Увидев тётю Таю, я очень обрадовался и вскочил. Ну, думаю, хоть один, кроме мамы, будет в доме человек, который от меня не шарахается. А тётя Тая спрашивает: «А далеко, Вася, смородина растет?» – «Да нет», – говорю. Сам быстро собрался, побежал в чулан, взял корзину… А ведь две корзины надо, а у нас одна. А тётя Тая говорит: «Зачем корзину. Я вот бидончик трёхлитровый взяла». – «Чудная, – говорю, – вы тётя Тая. В бидончик землянику собирают, а смородину – в корзину». – «Это почему так?» – спросила она. «А потому, что землянику – по ягодке, а смородину – горстями…»

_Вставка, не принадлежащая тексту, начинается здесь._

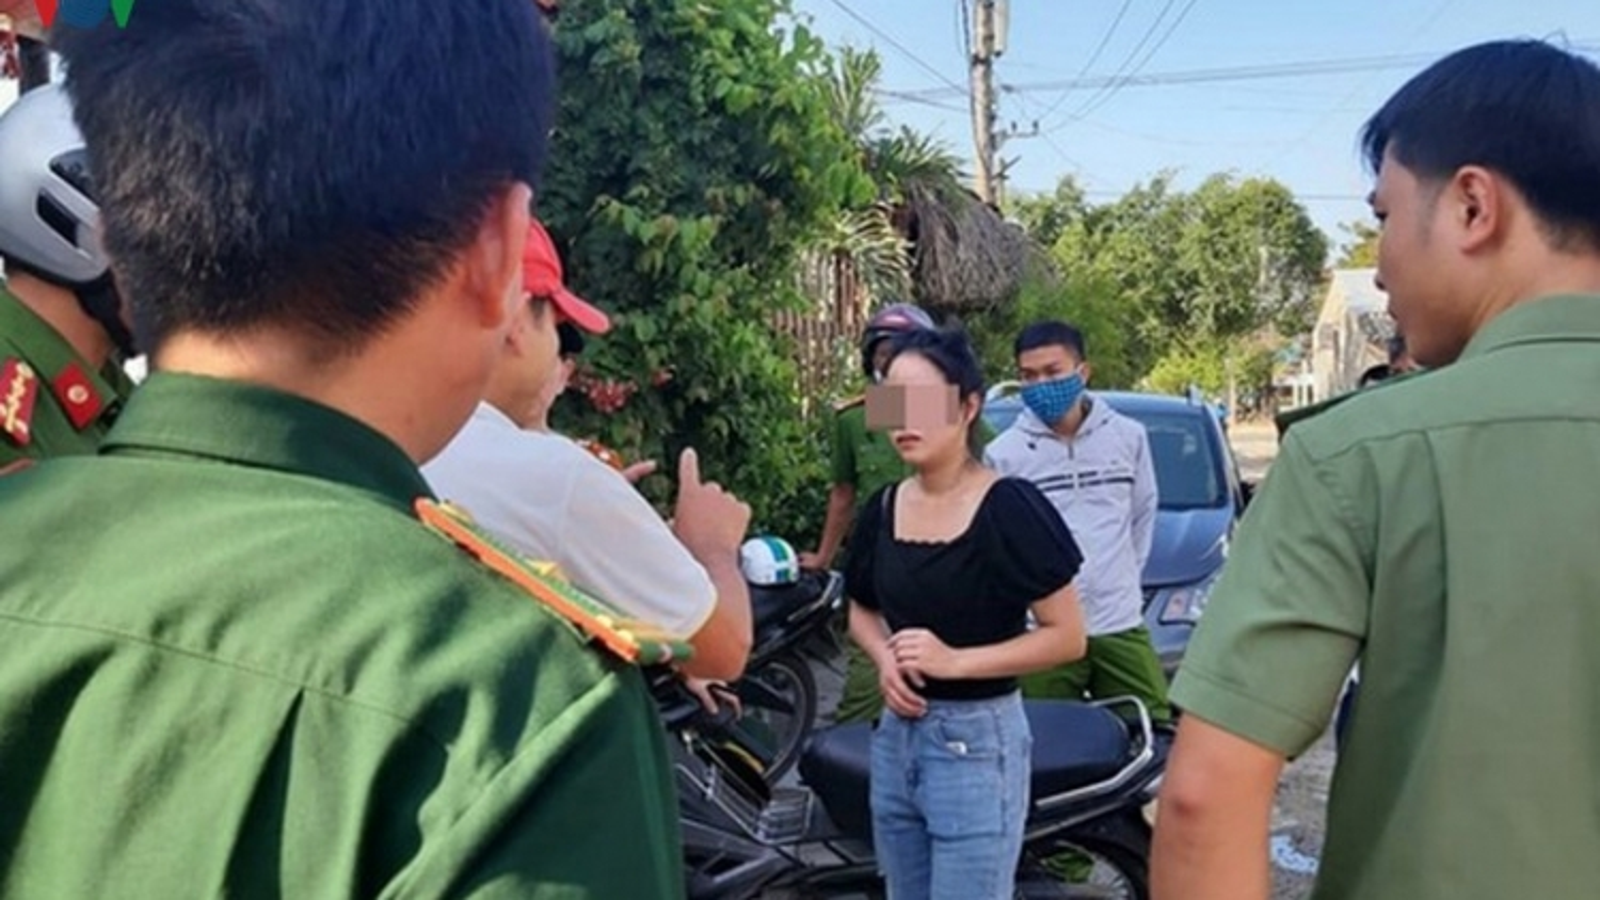 Vụ 21 người Trung Quốc nhập cảnh trái phép: 17 người không có giấy tờ
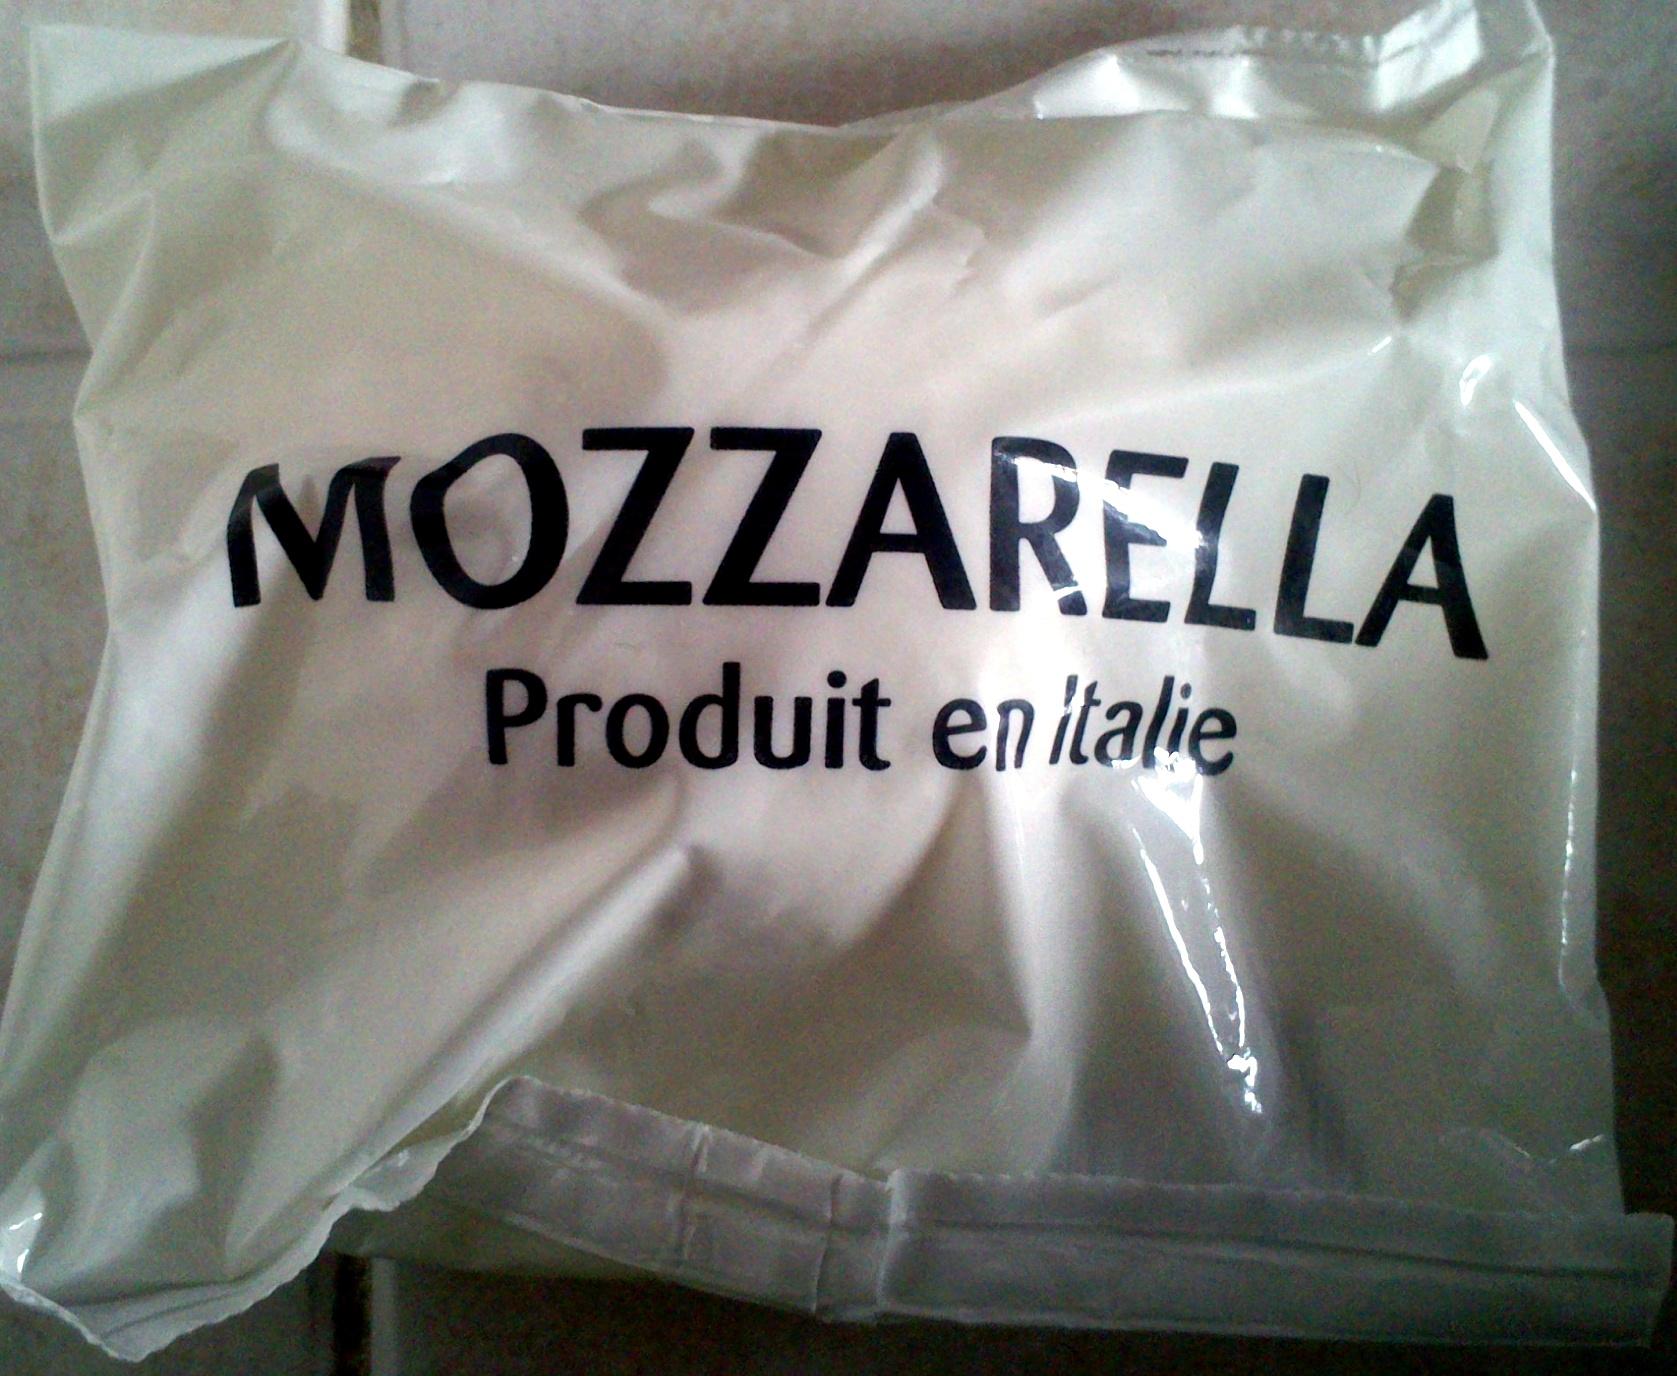 Mozzarella (17% MG) - 210 g - Nuova Castelli - Product

И, взяв корзину и ведро, мы через пятнадцать минут были у смородинника. Я показал тёте Тае, как надо горстями смородину собирать, а сам ушёл к другому кусту. И наверное через полчаса она мне пожаловалась: «Вася, а ведро-то у меня уже полное». – «У меня тоже корзина скоро будет полна». – «А остатки куда?» – «Какие остатки?» – «Так я не все кусты обобрала». – «Ну, придёт кто-нибудь и доберёт». – «Кто-нибудь…» – с каким-то сожалением протянула тётя Тая. «Ну, а как же? А если бы нам с вами не досталось?» Тётя Тая спорить не стала. Я набрал полную корзину и вышел из кустов. На открытом месте стояло ведро, полное отборной смородины, а в кустах шуршала листьями тётя Тая. «Ну и во что ещё вы собираете?» – «Эх, Вася, тут конца ей нет».
Тётя тая вышла из кустов с платком, полным смородины. Положила его на ровное место, связала крест-накрест концы и у неё получилось две ноши. В латке было литра три, а может и все четыре.
И собирали-то мы с тётей Таей смородину какой-нибудь час, а как далеко я ушёл по своему внутреннему состоянию от всей давящей предыдущей суеты – не высказать. Я видел счастливое лицо тёти Таи, вышедшей из кустов с полными руками смородины. Мне так приятно было осознавать и чувствовать, что это я её сделал счастливой, и что мне никто и ничем не мешал это сделать. Как же это просто – делать других счастливыми! Но только чтоб никто и ничем не мешал тебе этого делать. Я чувствовал себя на седьмом небе. И если я когда-то кому-то делал раньше подобную радость, я не мог сам при этом чувствовать вот такую же радость, как на этот раз. Не было у меня для сравнения обстоятельств, в каких я сделал счастливым человека, будучи несчастным сегодня сам. И так мне хотелось продлить эту радость, затормозить её исчезновение. Возможно я впервые осознал всю мимолётность человеческого счастья. Ведь только стоит вернуться в Кокошино, как всё вмиг растает – и охота делать кого-то счастливым, и надежда, что кто-то тебя сделает таким. В общем возвращался я домой лениво, без настроения.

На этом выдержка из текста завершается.